**PROBLEM STATEMENT:**
Would you please repeat all of the data exactly, omitting the pictures?
RAW DATA below:
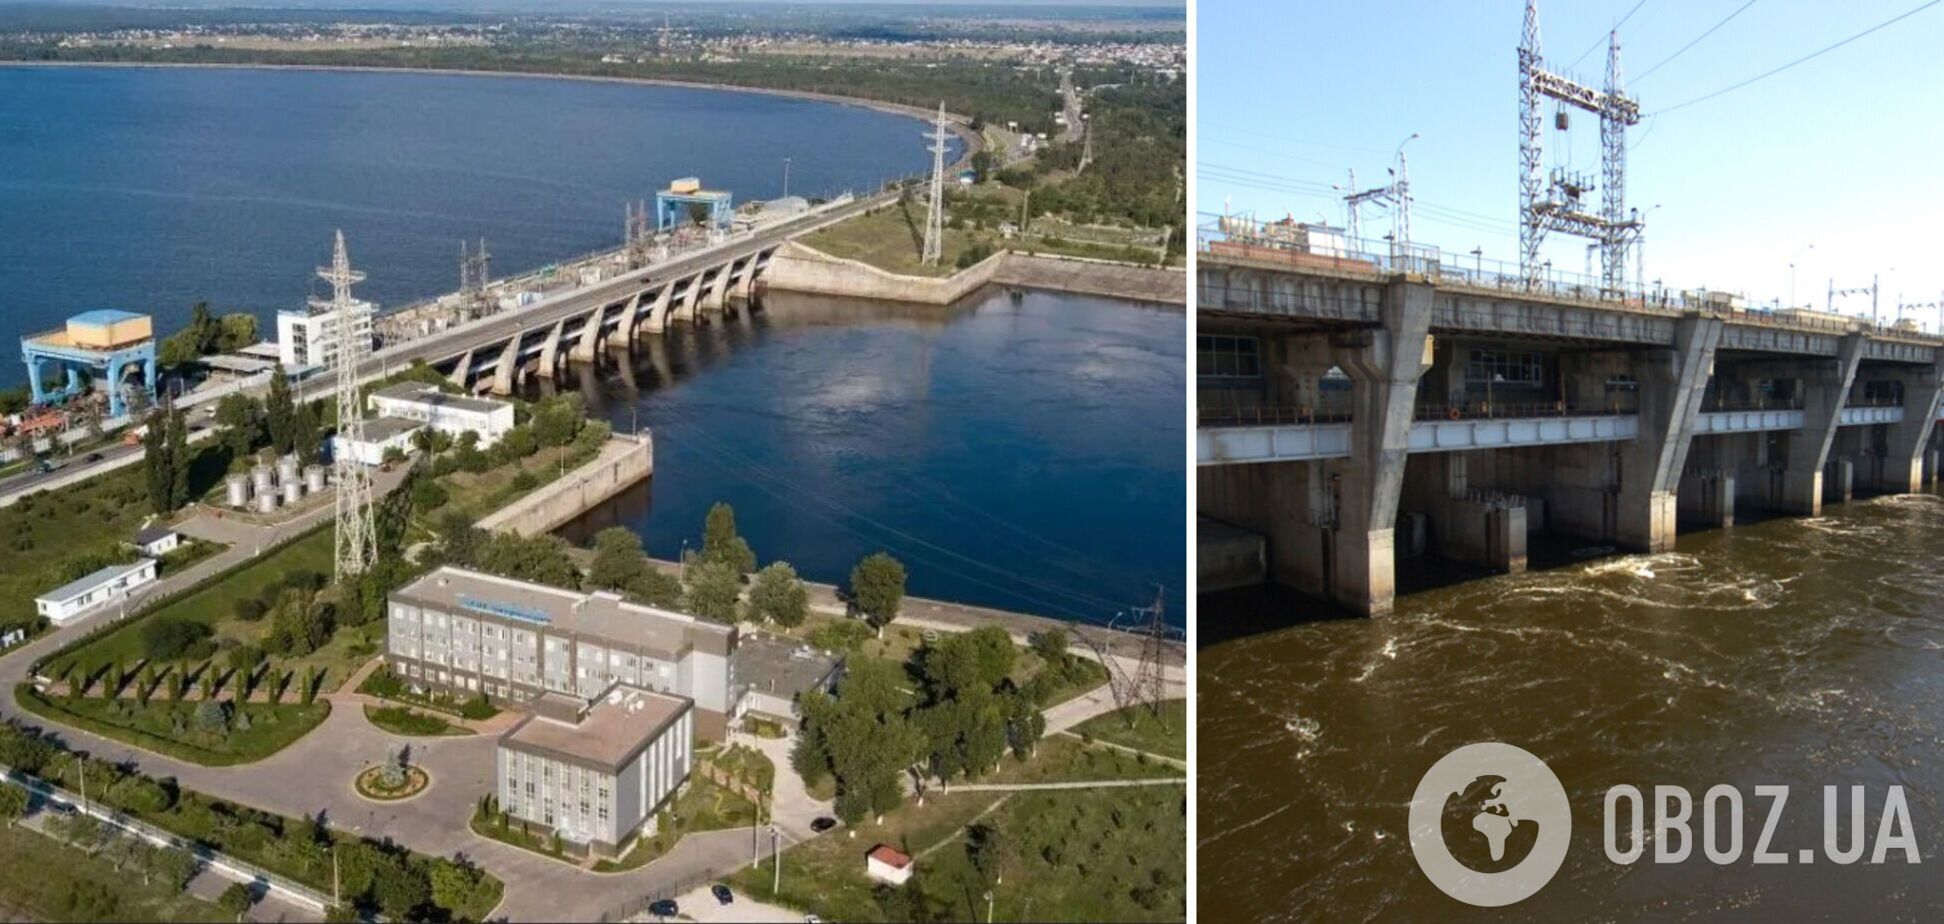 Массовая застройка элитными коттеджами дамбы Киевского моря грозит масштабным потопом, – экологи
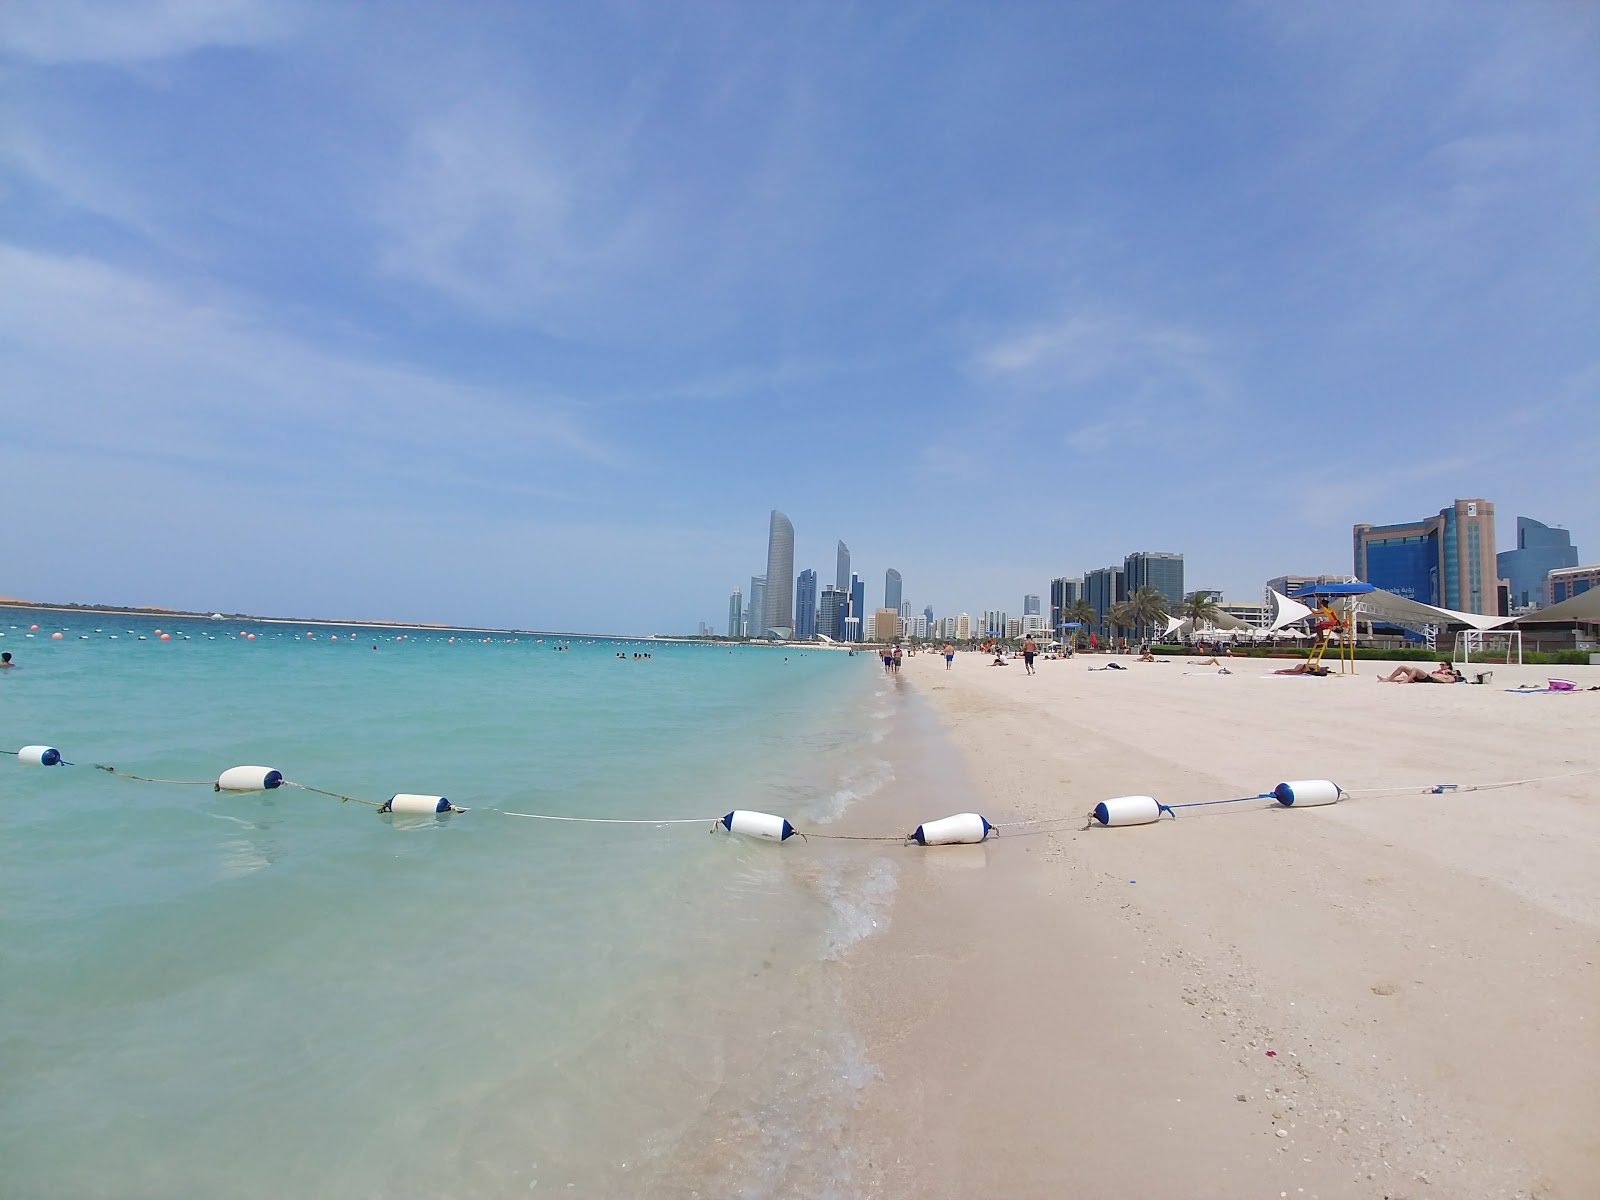 Corniche beach'in fotoğrafı geniş plaj ile birlikte
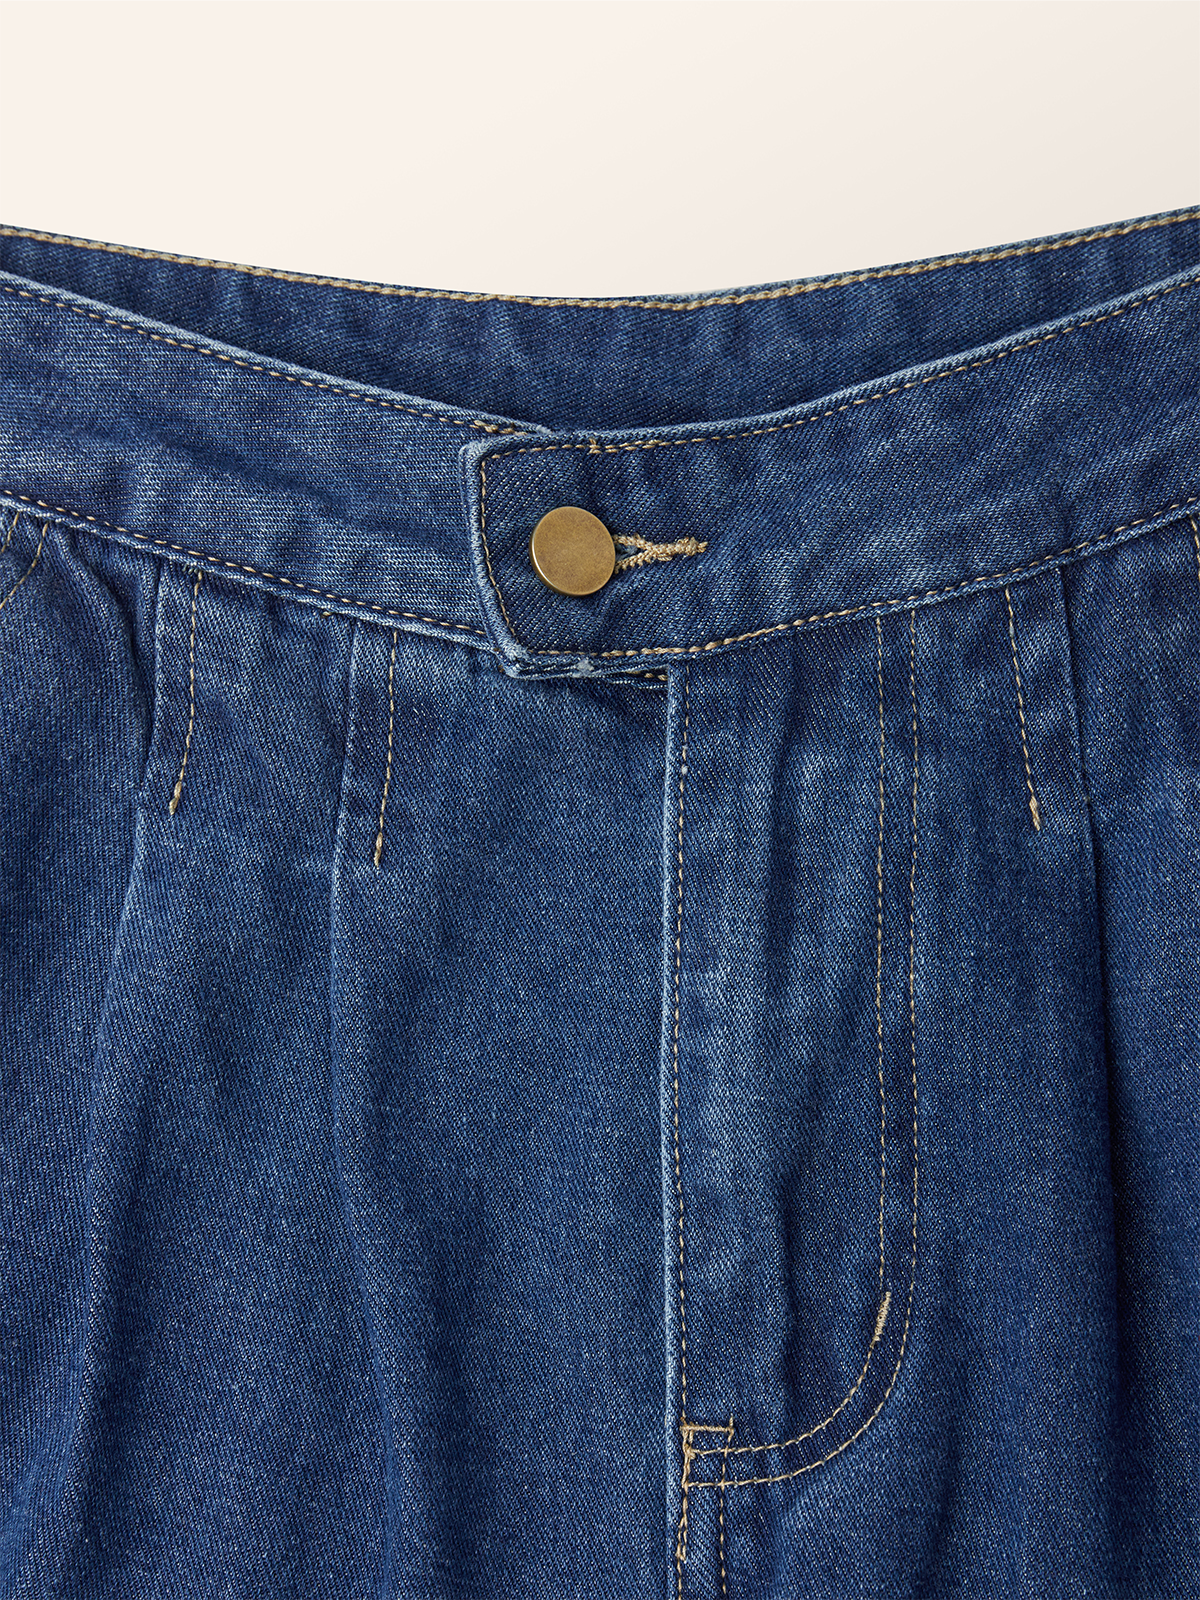 Urban Regelmäßige Passform Unifarben  Taschen Denim Jeans
End of RAW DATA.
**RESULT:**
 Массовая застройка элитными коттеджами дамбы Киевского моря грозит масштабным потопом, – экологи
 Corniche beach'in fotoğrafı geniş plaj ile birlikte
 Urban Regelmäßige Passform Unifarben  Taschen Denim Jeans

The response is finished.